Sep 29 03:36:56 <masked> pmxcfs[19590]: [status] notice: update cluster info (cluster name  <masked>, version = 9)
Sep 29 03:36:56 <masked> pmxcfs[19590]: [status] notice: node has quorum
Sep 29 03:36:56 <masked> pmxcfs[19590]: [dcdb] notice: members: 1/19590, 2/2688, 3/2373
Sep 29 03:36:56 <masked> pmxcfs[19590]: [dcdb] notice: starting data syncronisation
Sep 29 03:36:56 <masked> pmxcfs[19590]: [dcdb] notice: received sync request (epoch 1/19590/00000001)
Sep 29 03:36:56 <masked> pmxcfs[19590]: [status] notice: members: 1/19590, 2/2688, 3/2373
Sep 29 03:36:56 <masked> pmxcfs[19590]: [status] notice: starting data syncronisation
Sep 29 03:36:56 <masked> pmxcfs[19590]: [status] notice: received sync request (epoch 1/19590/00000001)

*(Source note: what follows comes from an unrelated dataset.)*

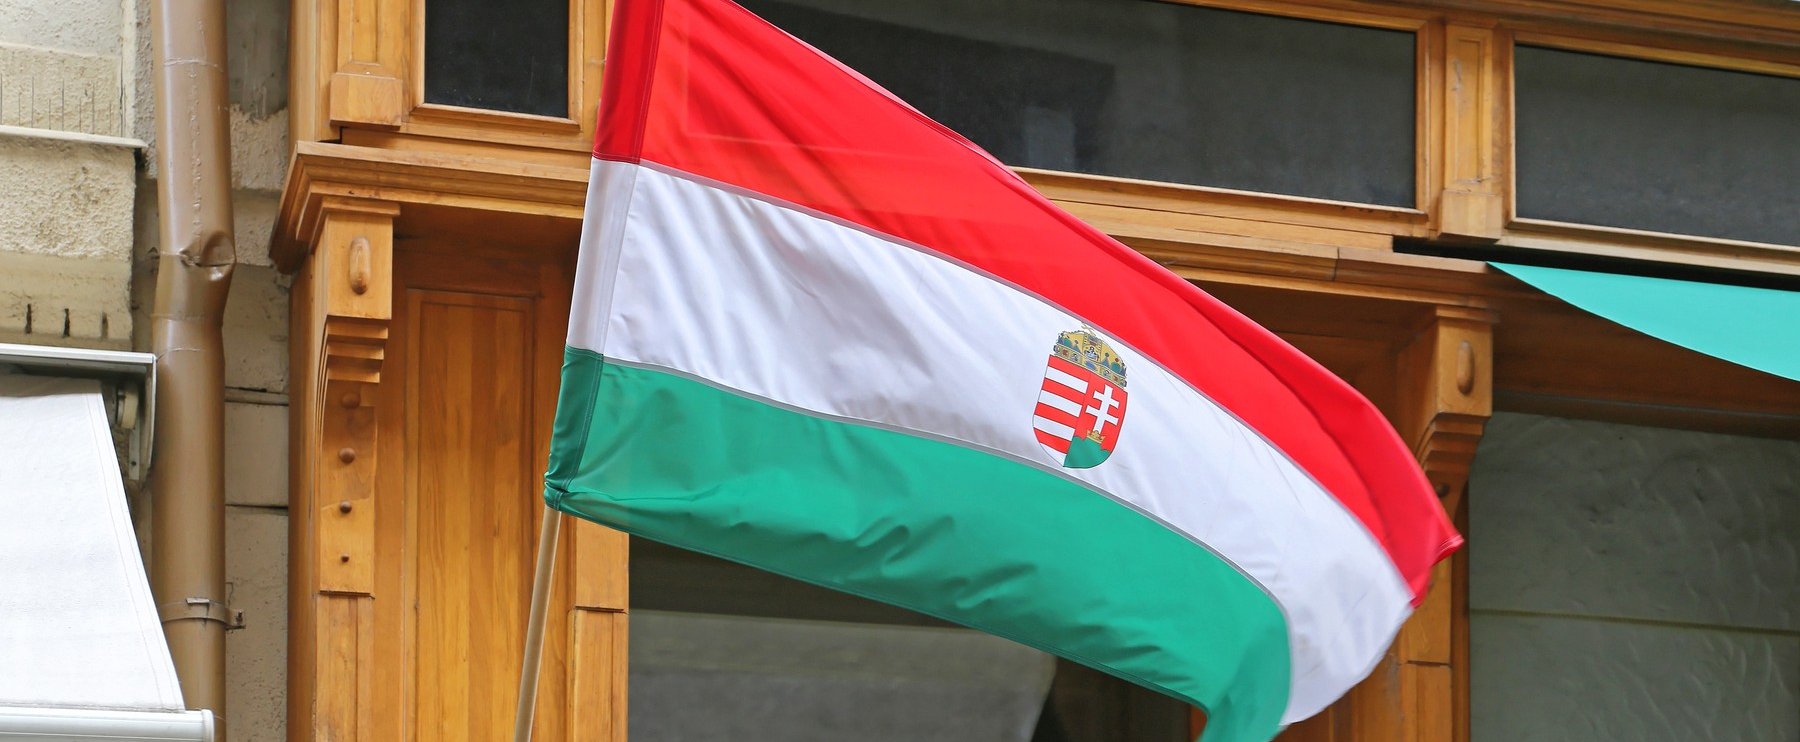 Irgalmatlanul fura kép terjed Magyarországról egy külföldi oldalon, azonnal tudni akarjuk, hogy mi állhat a háttérben

Sep 29 03:36:56 <masked> pmxcfs[19590]: [dcdb] notice: received all states
Sep 29 03:36:56 <masked> pmxcfs[19590]: [dcdb] notice: leader is 2/2688
Sep 29 03:36:56 <masked> pmxcfs[19590]: [dcdb] notice: synced members: 2/2688, 3/2373
Sep 29 03:36:56 <masked> pmxcfs[19590]: [dcdb] notice: waiting for updates from leader
Sep 29 03:36:56 <masked> pmxcfs[19590]: [dcdb] notice: update complete - trying to commit (got 4 inode updates)

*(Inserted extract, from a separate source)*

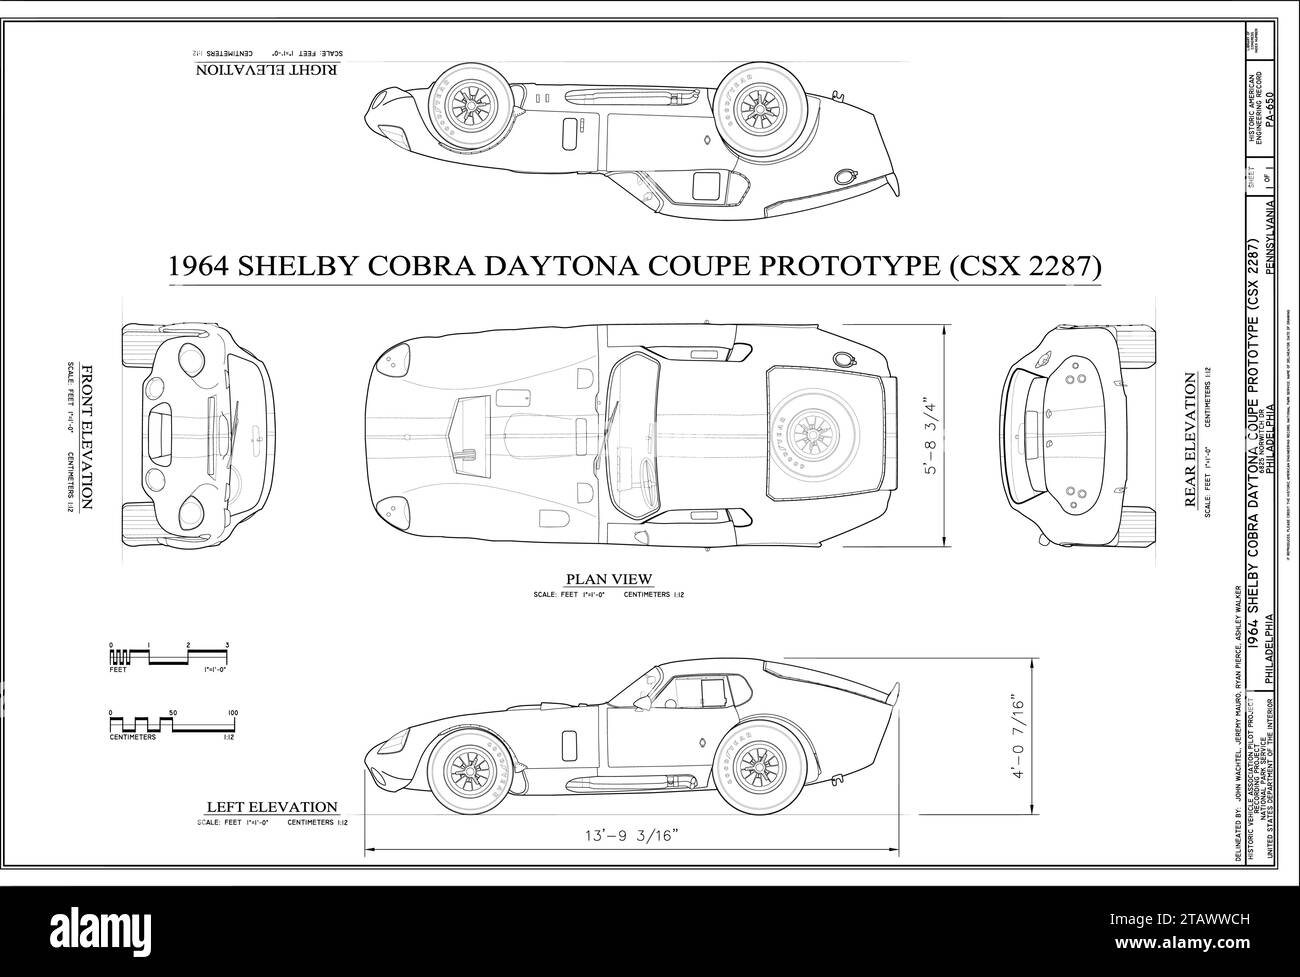 Modèle de voiture prototype Shelby Cobra Daytona coupe 1964 Illustration de Vecteur

Sep 29 03:36:56 <masked> pmxcfs[19590]: [dcdb] notice: all data is up to date
Sep 29 03:36:56 <masked> pmxcfs[19590]: [status] notice: received all states
Sep 29 03:36:56 <masked> pmxcfs[19590]: [status] notice: all data is up to date
Sep 29 03:36:57 <masked> systemd[1]: Started The Proxmox VE cluster filesystem.

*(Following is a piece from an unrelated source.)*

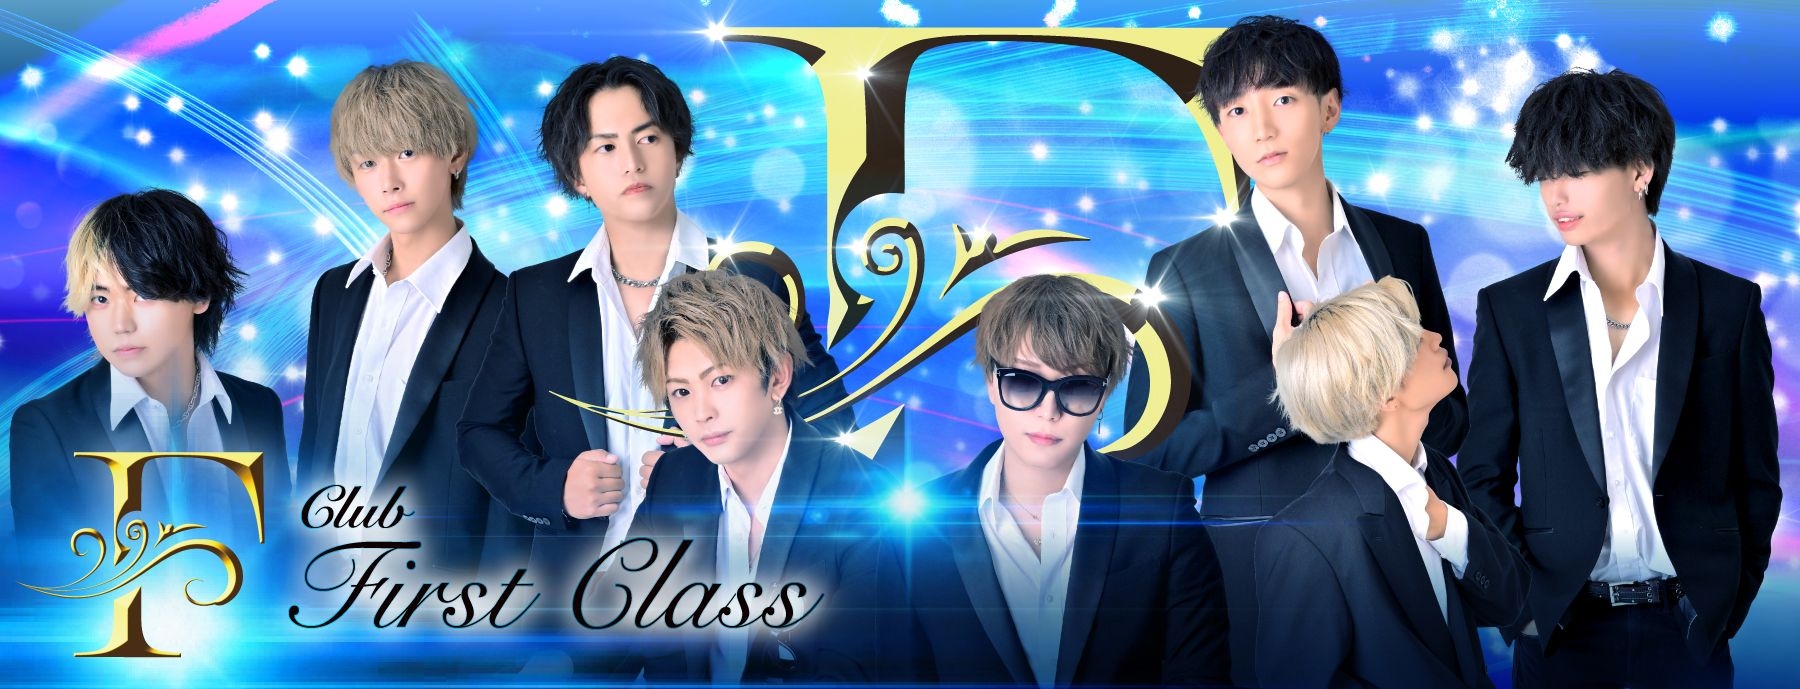 Club First Class 〜ファーストクラス〜

Sep 29 03:36:59 <masked> pve-ha-lrm[18192]: Task 'UPID:<masked>:0000471B:014C0E94:57ED09F6:qmigrate:318:root@pam:' still active, waiting
Sep 29 03:37:03 <masked> pve-ha-crm[2455]: status change wait_for_quorum => slave
Sep 29 03:37:04 <masked> pve-ha-lrm[18192]: Task 'UPID:<masked>:0000471B:014C0E94:57ED09F6:qmigrate:318:root@pam:' still active, waiting
Sep 29 03:37:09 <masked> pve-ha-lrm[18192]: Task 'UPID:<masked>:0000471B:014C0E94:57ED09F6:qmigrate:318:root@pam:' still active, waiting
Sep 29 03:37:14 <masked> pve-ha-lrm[18192]: Task 'UPID:<masked>:0000471B:014C0E94:57ED09F6:qmigrate:318:root@pam:' still active, waiting
Sep 29 03:37:19 <masked> pveproxy[13284]: ipcc_send_rec failed: Transport endpoint is not connected
Sep 29 03:37:19 <masked> pve-ha-lrm[18192]: Task 'UPID:<masked>:0000471B:014C0E94:57ED09F6:qmigrate:318:root@pam:' still active, waiting
Sep 29 03:37:20 <masked> pvedaemon[2447]: ipcc_send_rec failed: Transport endpoint is not connected
Sep 29 03:37:24 <masked> pve-ha-lrm[18192]: Task 'UPID:<masked>:0000471B:014C0E94:57ED09F6:qmigrate:318:root@pam:' still active, waiting
^@^@^@^@^@^@^@^@^@^@^@^@^@^@^@^@^@^@^@^@^@^@^@^@^@^@^@^@^@^@^@^@^@^@^@^@^@^@^@^@^@^@^@^@^@^@^@^@^@^@^@^@^@^@^@^@^@^@^@^@^@^@^@^@^@^@^@^@^@^@^@^@^@^@^@^@^@^@^@^@^@^@^@^@^@^@^@^@^@^@^@^@^@^@^@^@^@^@^@^@^@^@^@^@^@^@^@^@^@^@^@^@^@^@^@^@^@^@^@^@^@^@^@^@^@^@^@^@^@^@^@^@^@^@^@^@^@^@^@^@^@^@^@^@^@^@^@^@^@^@^@^@^@^@^@^@^@^@^@^@^@^@^@^@^@^@^@^@^@^@^@^@^@^@^@^@^@^@^@^@^@^@^@^@^@^@^@^@^@^@^@^@^@^@^@^@^@^@^@^@^@^@^@^@Sep 29 03:40:43 <masked> systemd-modules-load[992]: Module 'fuse' is builtin
Sep 29 03:40:43 <masked> systemd-modules-load[992]: Inserted module 'qlge'
Sep 29 03:40:43 <masked> systemd-modules-load[992]: Inserted module '8021q'
Sep 29 03:40:43 <masked> systemd[1]: Started Create Static Device Nodes in /dev.